**TASK REQUIREMENTS**
Write out again, word for word, the lines below from the line that holds "The Wholesale Electricity" through the line that holds "10m Red Snagless UTP Cat6 Patch Cable", omitting pictures.

**PROVIDED DATA**
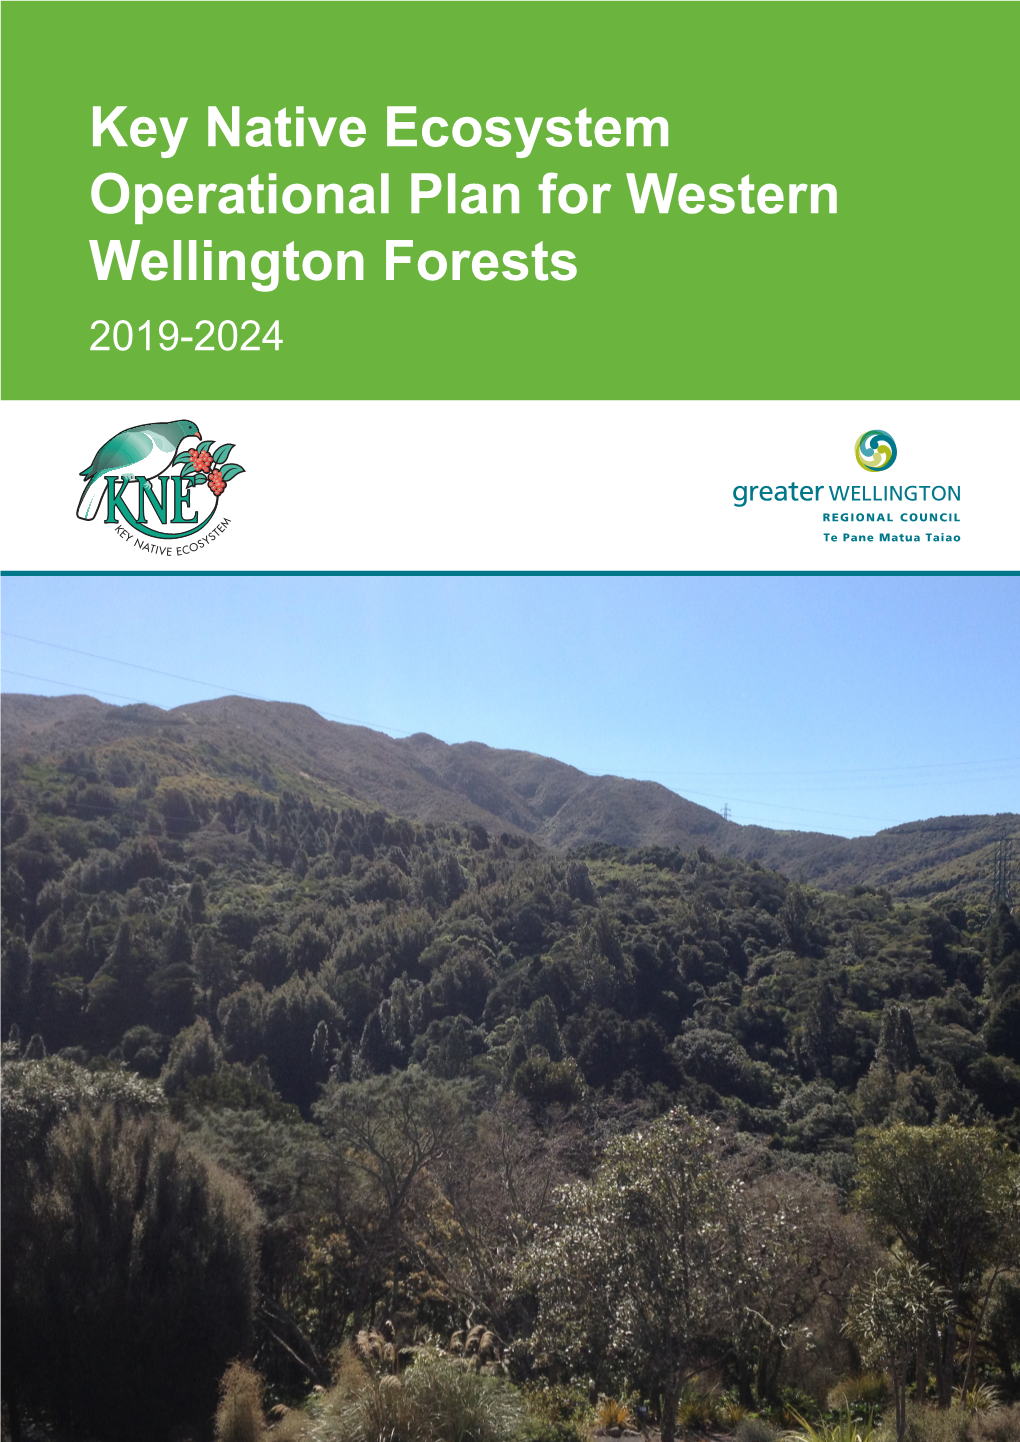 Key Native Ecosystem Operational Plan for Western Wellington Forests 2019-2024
* * *
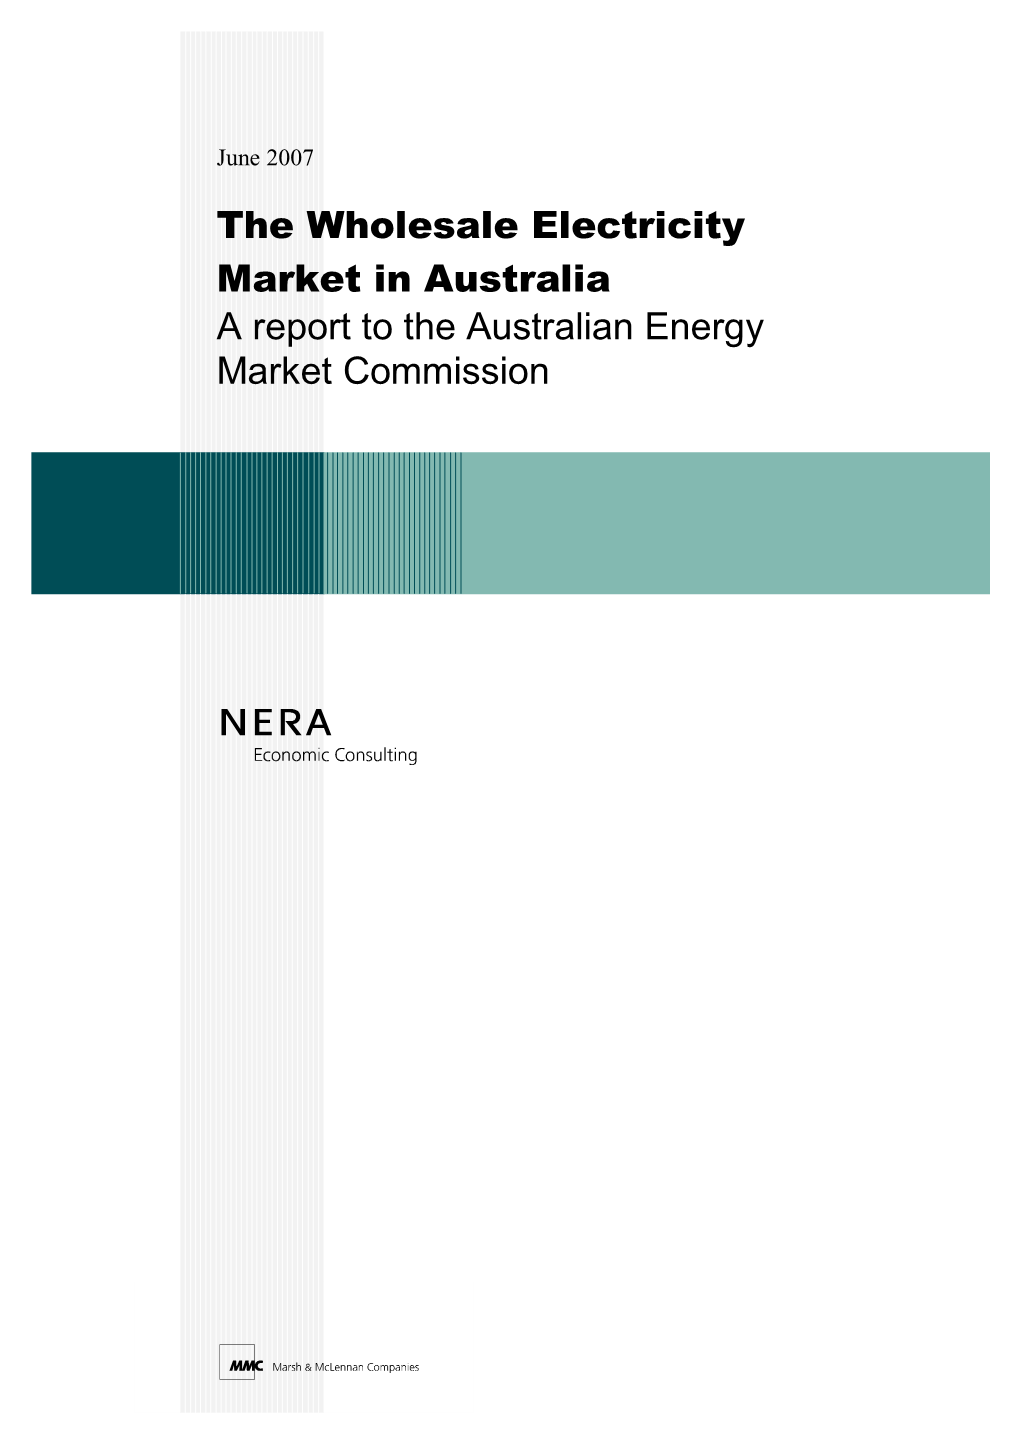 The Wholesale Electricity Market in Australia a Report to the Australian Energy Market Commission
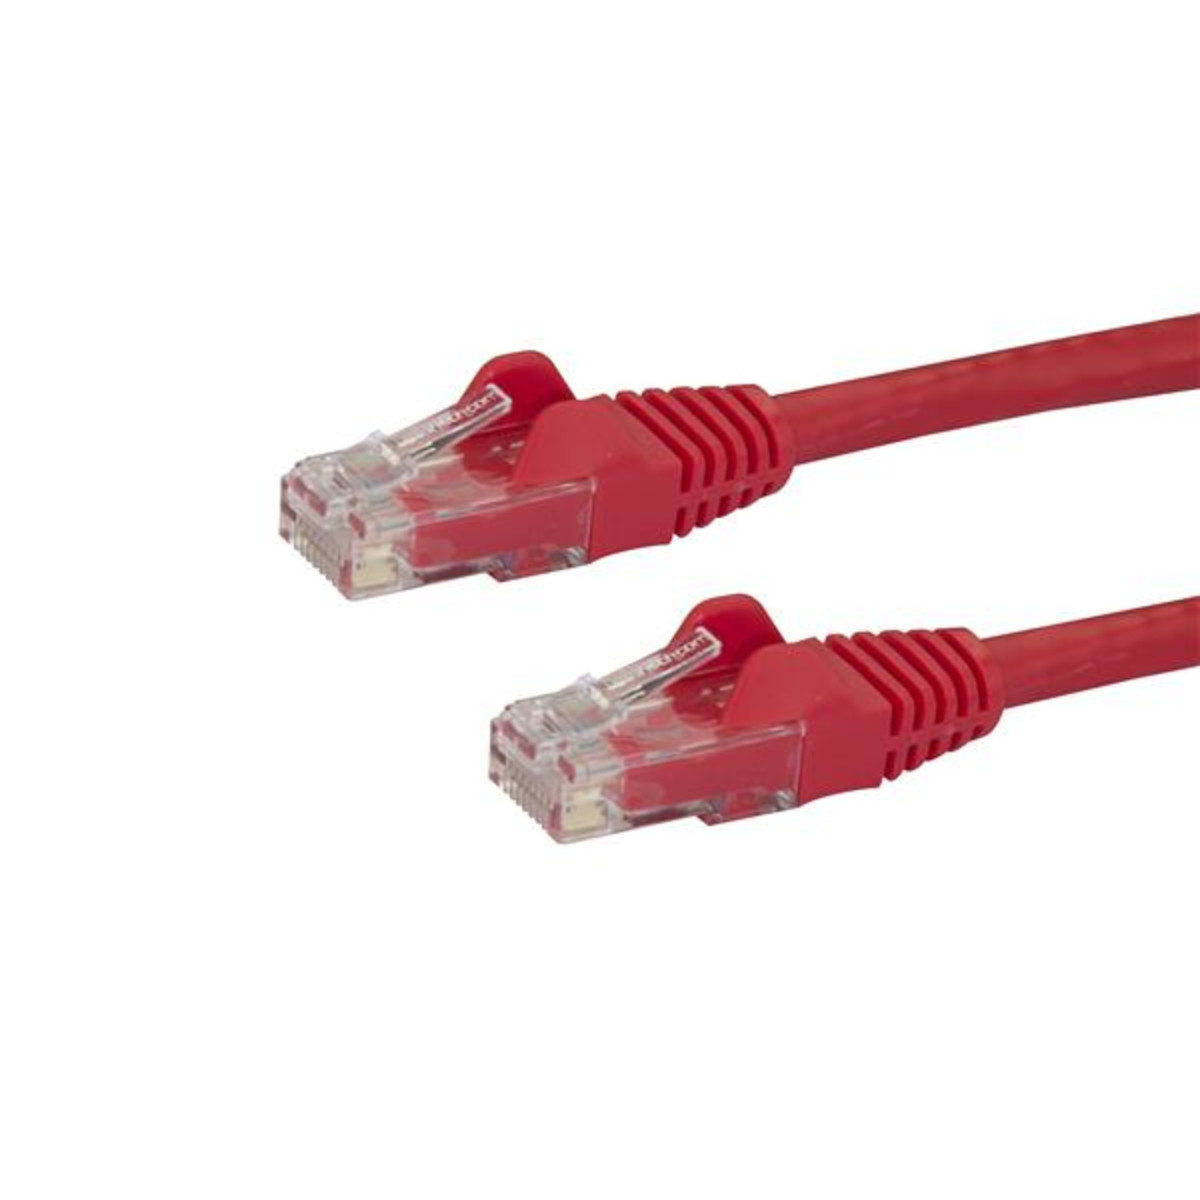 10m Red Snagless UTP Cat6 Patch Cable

**EXPECTED OUTPUT**
 The Wholesale Electricity Market in Australia a Report to the Australian Energy Market Commission
 10m Red Snagless UTP Cat6 Patch Cable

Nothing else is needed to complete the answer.